WORK REQUEST →
Copy exactly, beginning with the line holding "Keeppley K20403 Doraemon, Dios" and ending with the final line of the data beneath this task; copy nothing else, and leave out every picture.

SUPPLIED INFORMATION →

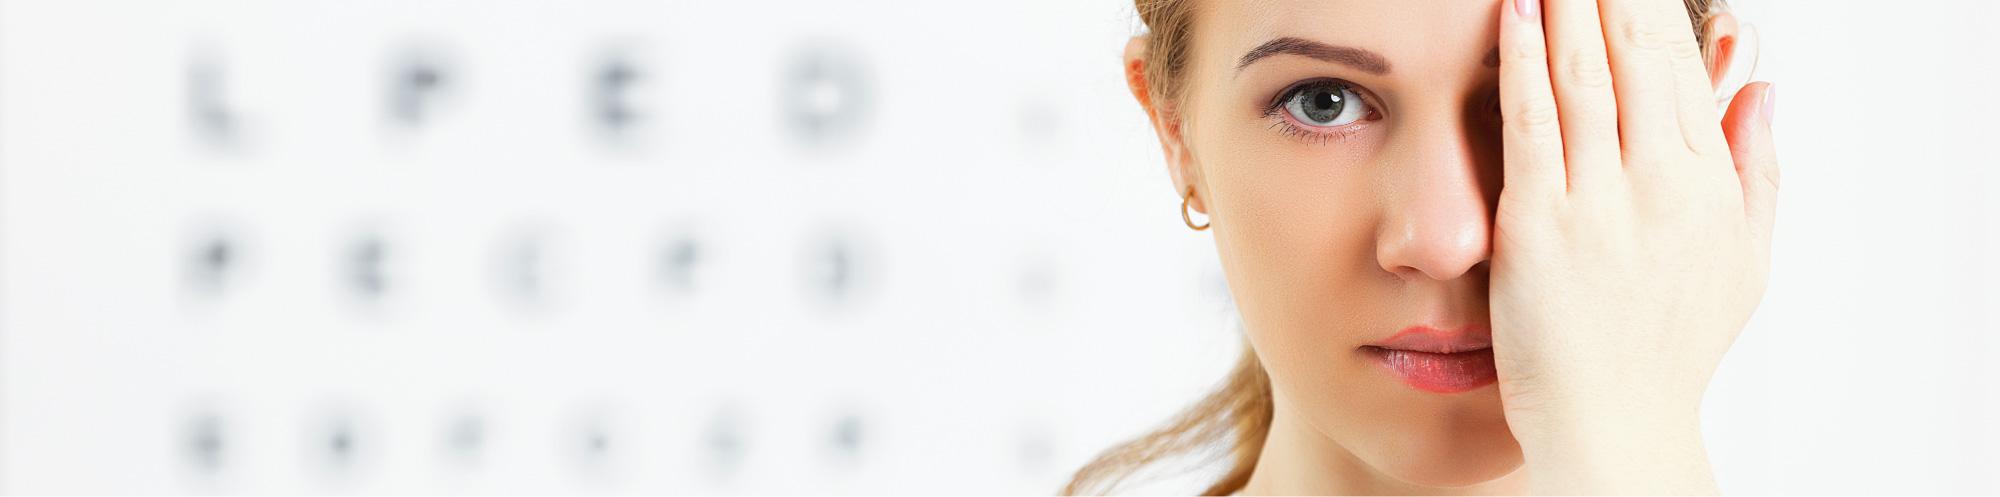 Non-mydriatische Weitwinkel-Funduskamera - Augenarztpraxis Buchen
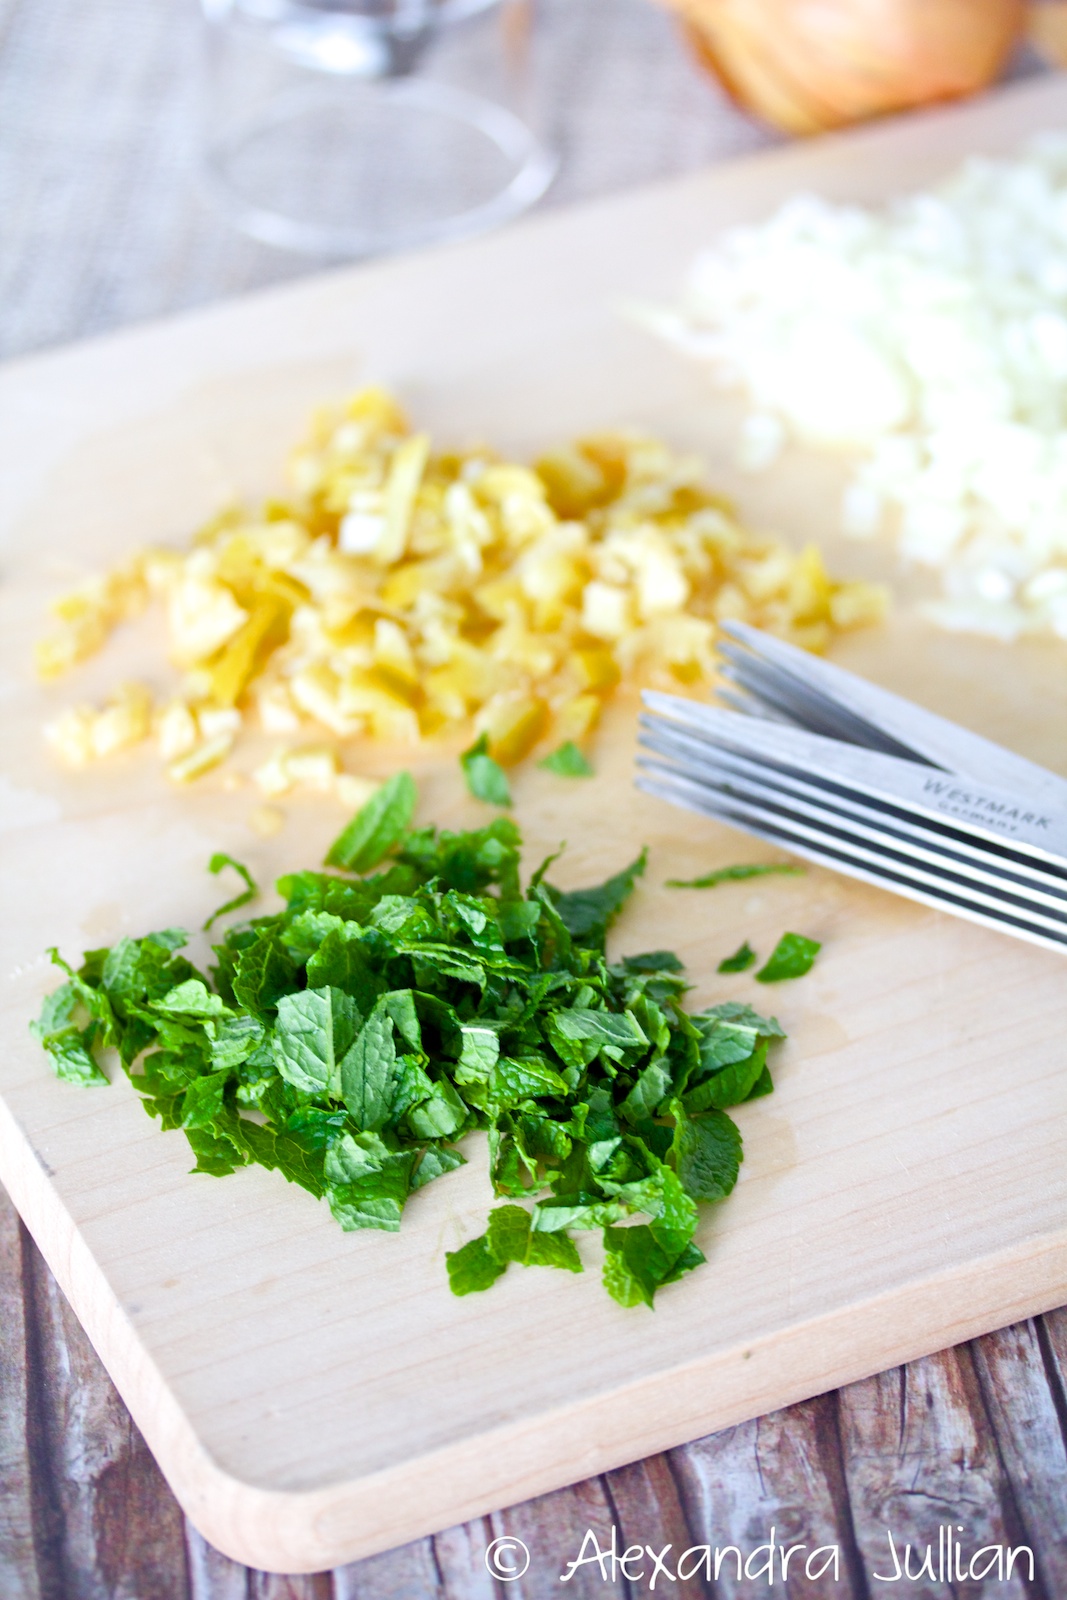 Salade fraîche de poix chiches à la menthe et au citron confit
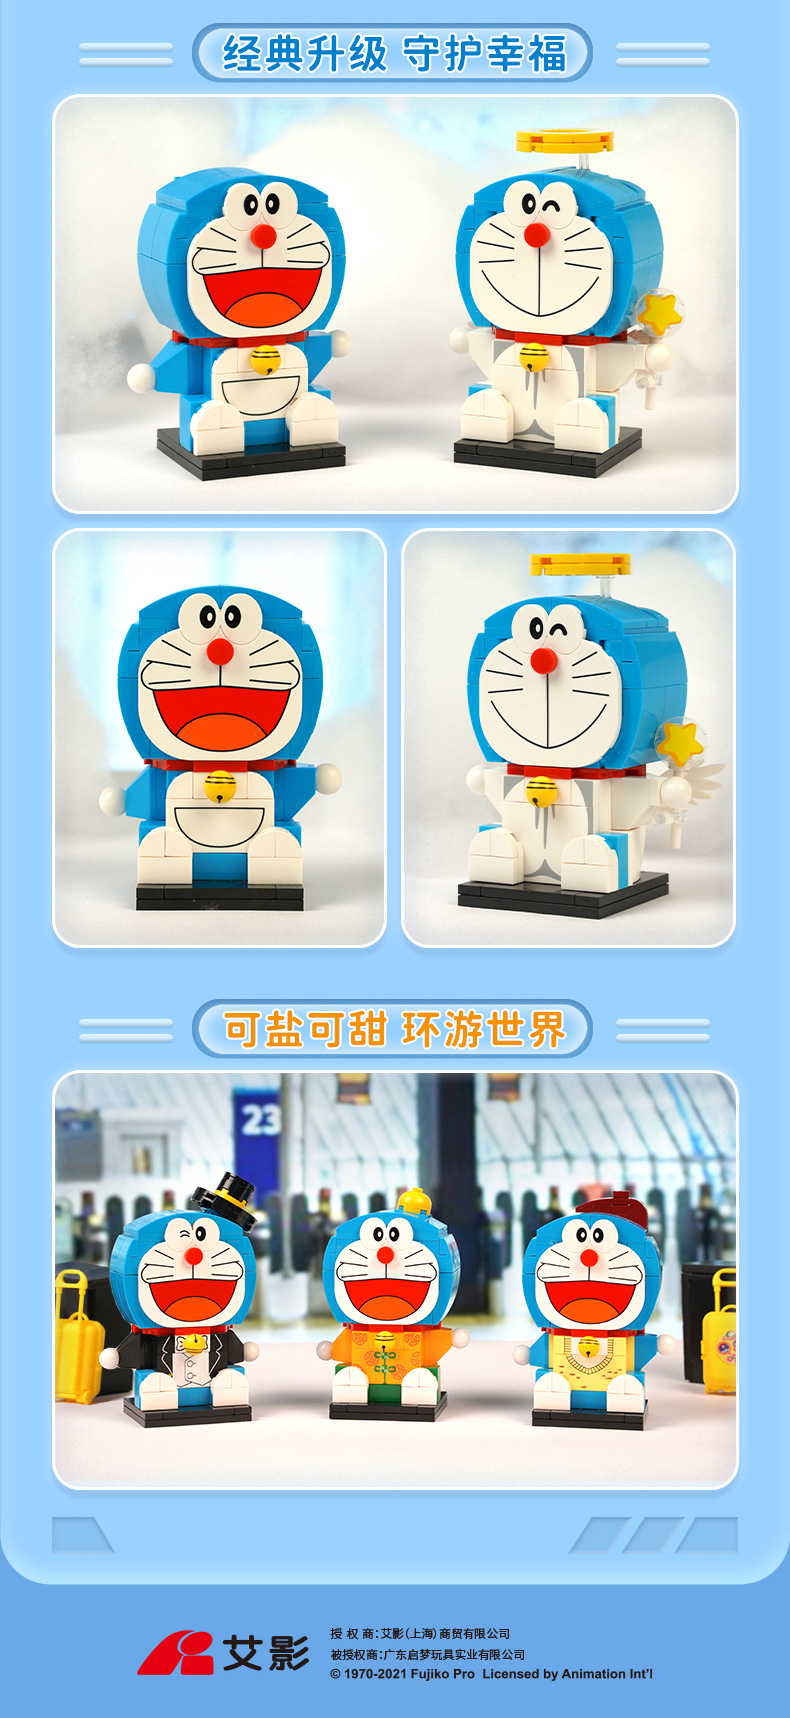 Keeppley K20403 Doraemon, Dios de la riqueza, juego de juguetes con bloques de construcción
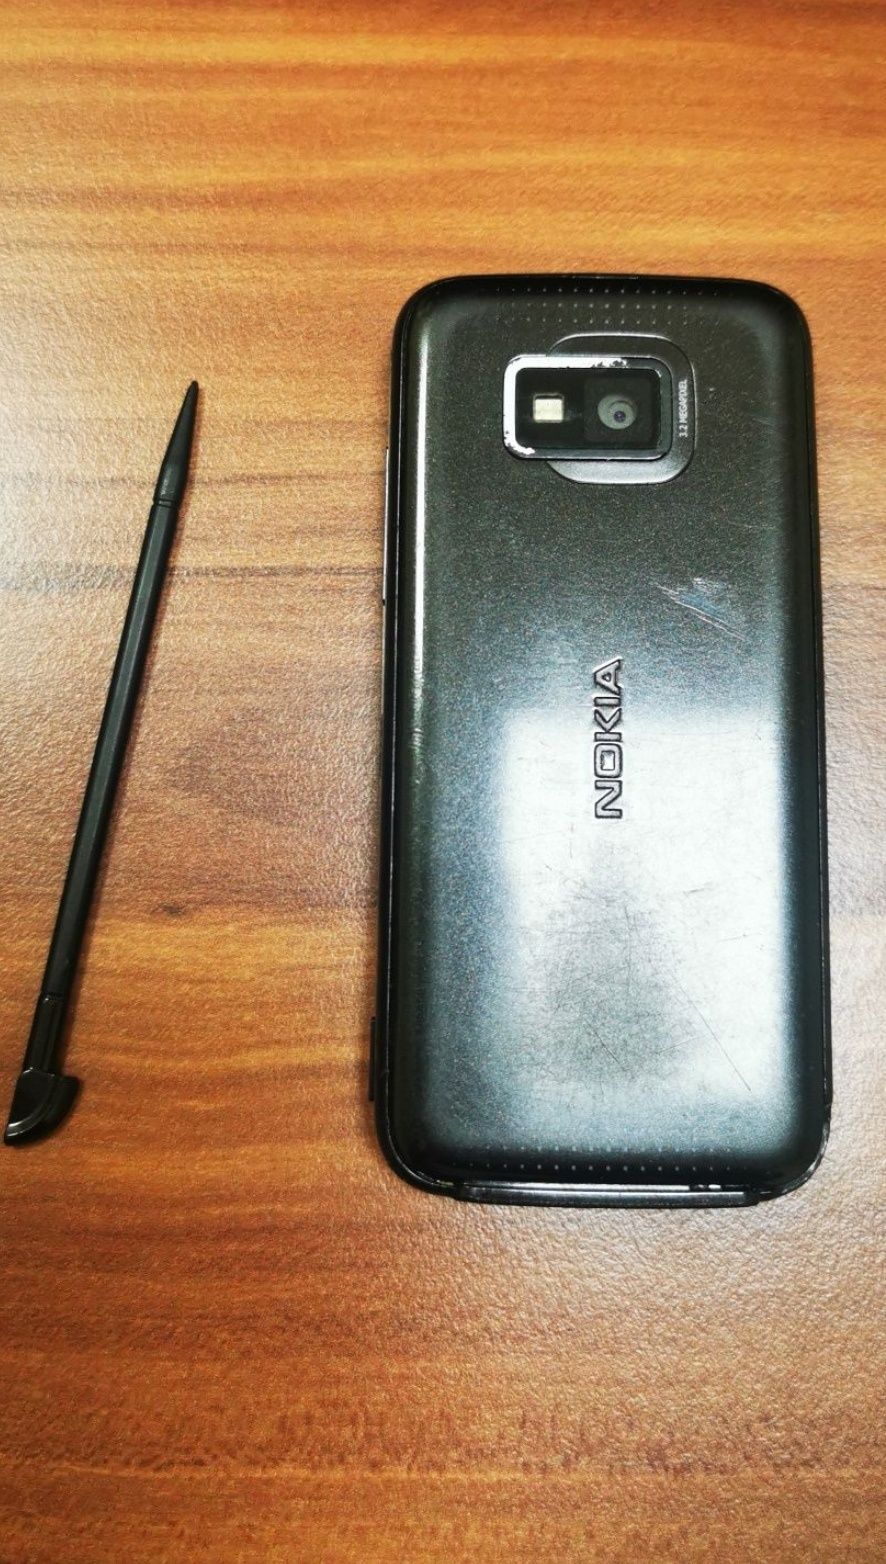 Nokia 5530, и Sony Ericsson

RESPONSE →
 Keeppley K20403 Doraemon, Dios de la riqueza, juego de juguetes con bloques de construcción
 Nokia 5530, и Sony Ericsson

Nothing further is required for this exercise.